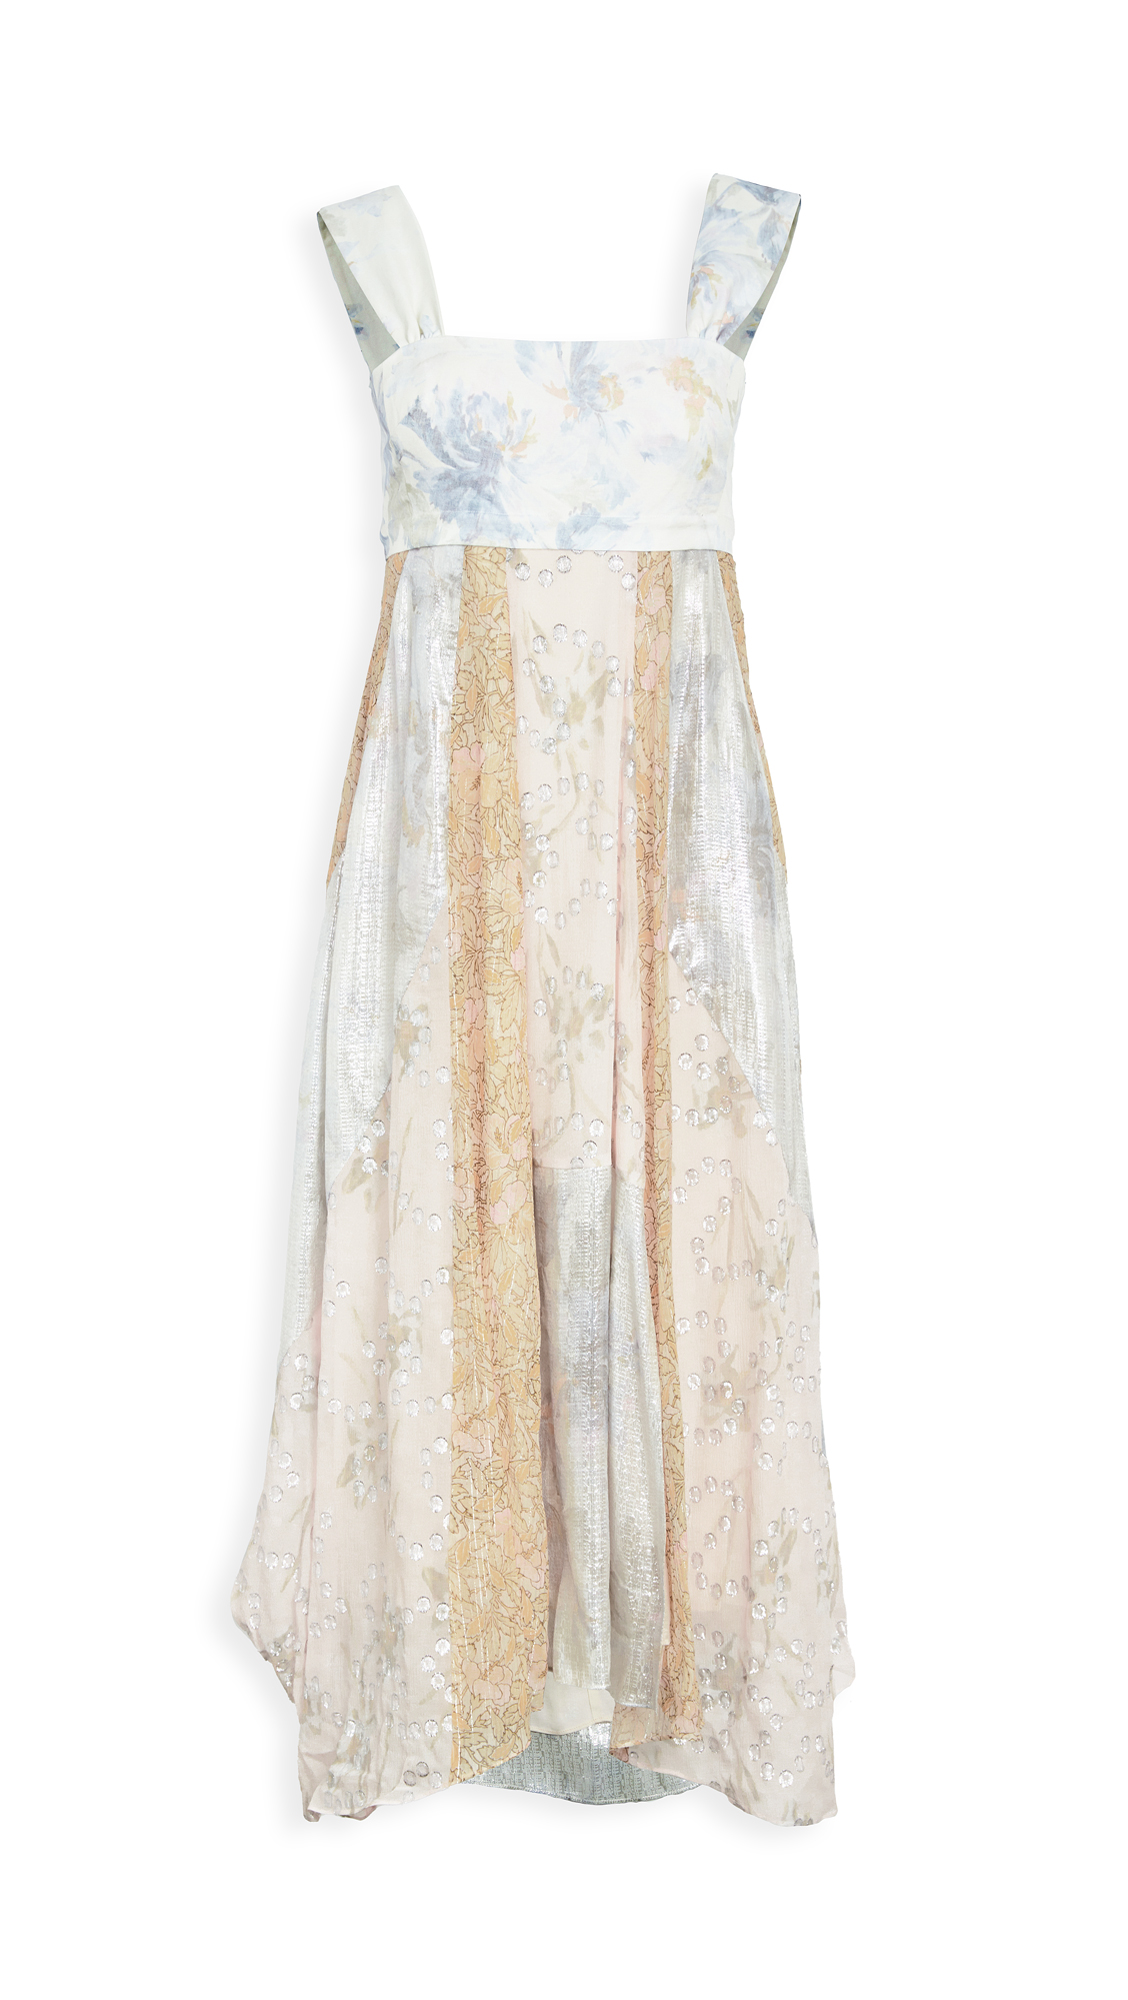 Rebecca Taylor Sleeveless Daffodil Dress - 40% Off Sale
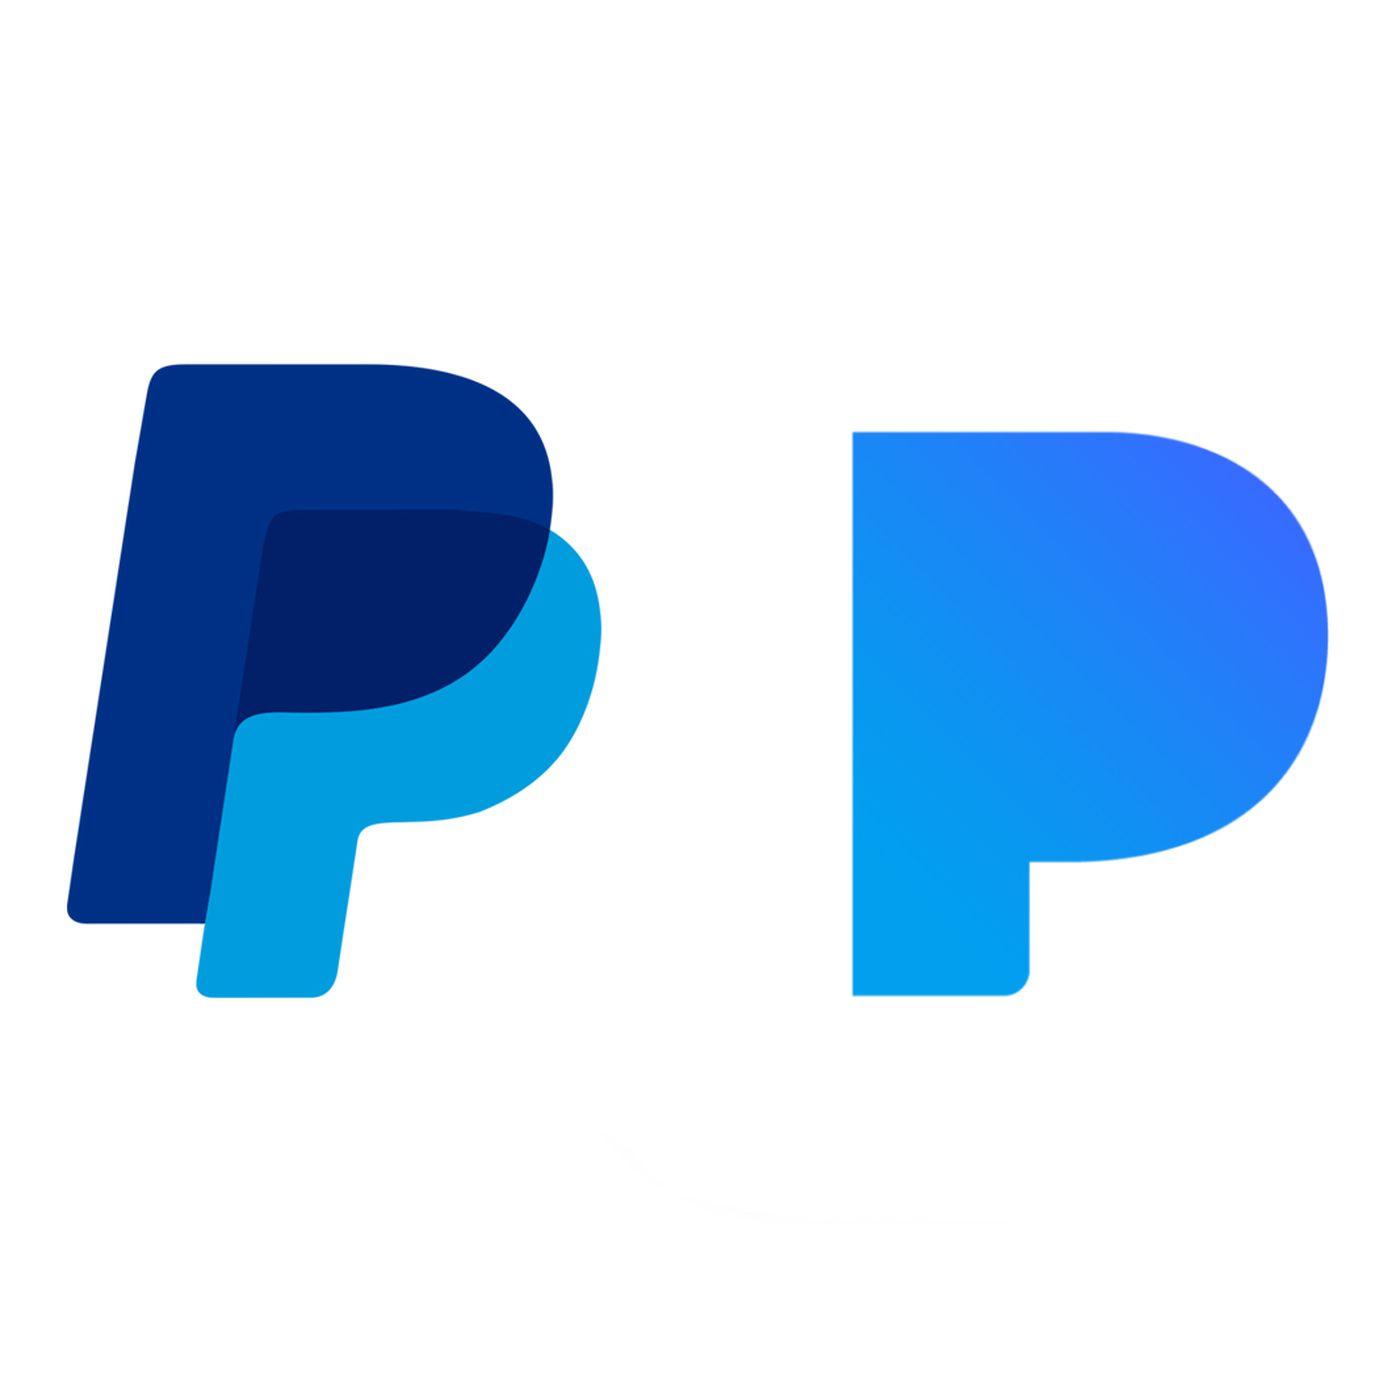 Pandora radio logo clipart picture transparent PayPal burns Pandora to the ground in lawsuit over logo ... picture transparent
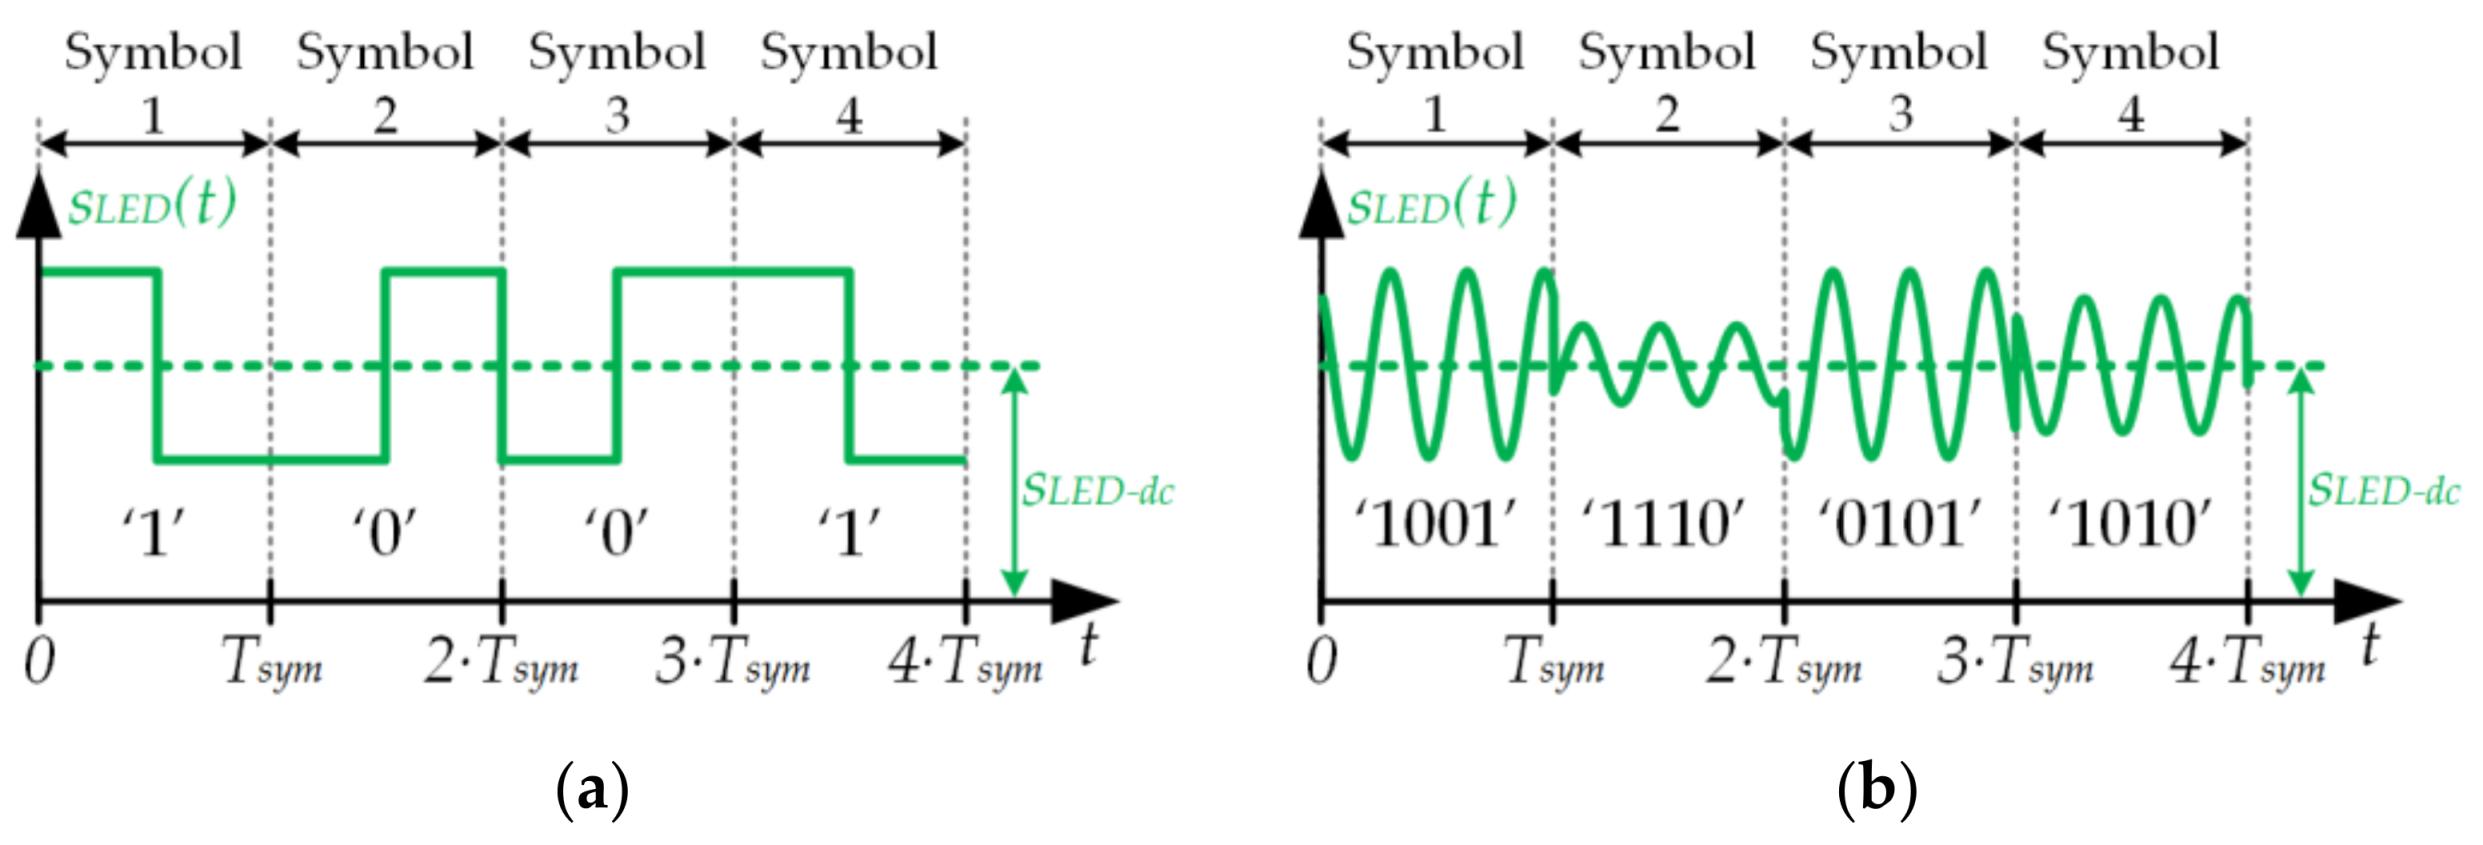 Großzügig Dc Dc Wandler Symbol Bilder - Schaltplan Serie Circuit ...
=====
WHAT NEEDS TO BE DONE -> Please repeat the data verbatim and leave the pictures out of your copy.

RESPONSE AREA ->
 Rebecca Taylor Sleeveless Daffodil Dress - 40% Off Sale
 Pandora radio logo clipart picture transparent PayPal burns Pandora to the ground in lawsuit over logo ... picture transparent
 Großzügig Dc Dc Wandler Symbol Bilder - Schaltplan Serie Circuit ...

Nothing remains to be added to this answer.